Hard to argue with "splunk plugin works exactly this way" as I don't know internals and not sure splunk case is applicable for us. https://community.splunk.com/t5/Splunk-Enterprise/Is-there-any-possible-to-modify-raw-data-in-Splunk/m-p/553396 states that ingested data is immutable, so this opposes "exactly this way".

[frwa-enpace]

Starlark (or any enrichment plugin)

I aggree with the general pattern: func(item map[string]interface{}) map[string]interface{}

• the StarLark go package https://github.com/google/starlark-go implements the interpreter as a pure function
• this, it cannot access system time or local config files or other meta information.

Suggestion

func(item map[string]interface{}, meta map[string]interface{}) map[string]interface{}

• with meta we can feed read only context like system time, content of a config file
• the plugin engine would populate the meta before calling the pluging

With the starlet pkg you can add functions to it. No need.

[frwa-enpace]

• To my understanding "Severity" and "DueDate" should be set in context and used in data ingestion. In candela I was always confused how this due date was calculated. Having transparency is a strong plus. Data analytics will be setup to read from that context and will be stable.
• Plugin author is not limited to write what ever he thinks - he takes an input and produces additional output.
  Immutable option has the same features as mutable, but few strong extra points: traceability and composability (each plugin is guaranteed to get payload).

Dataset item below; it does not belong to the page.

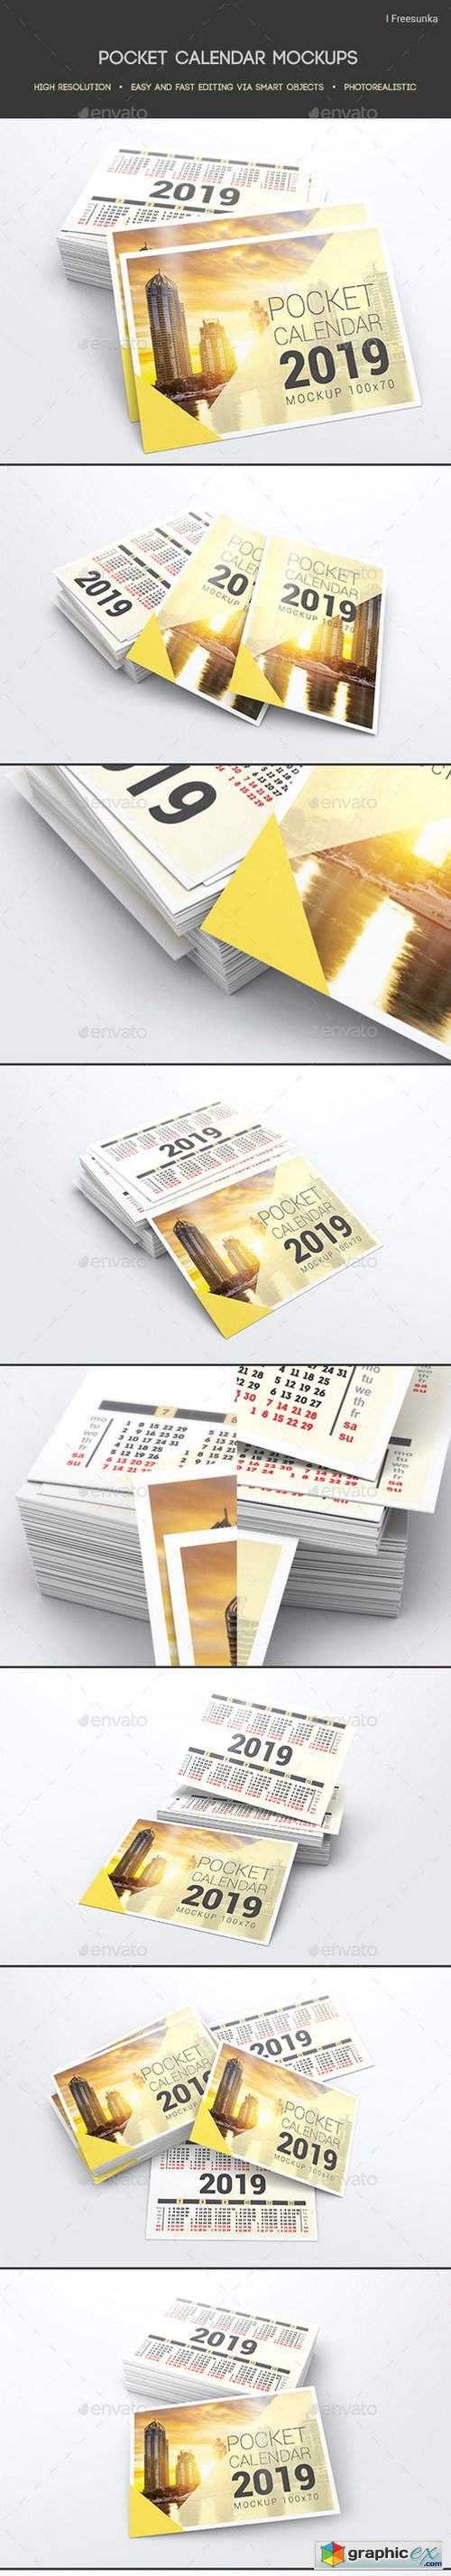 Pocket Calendar Mockups

Hard to argue with "splunk plugin works exactly this way" as I don't know internals and not sure splunk case is applicable for us. https://community.splunk.com/t5/Splunk-Enterprise/Is-there-any-possible-to-modify-raw-data-in-Splunk/m-p/553396 states that ingested data is immutable, so this opposes "exactly this way".

The input must be immutable, it is linked to other objects, if you change the vuln data for one image, it will be changed globally unless you create a copy.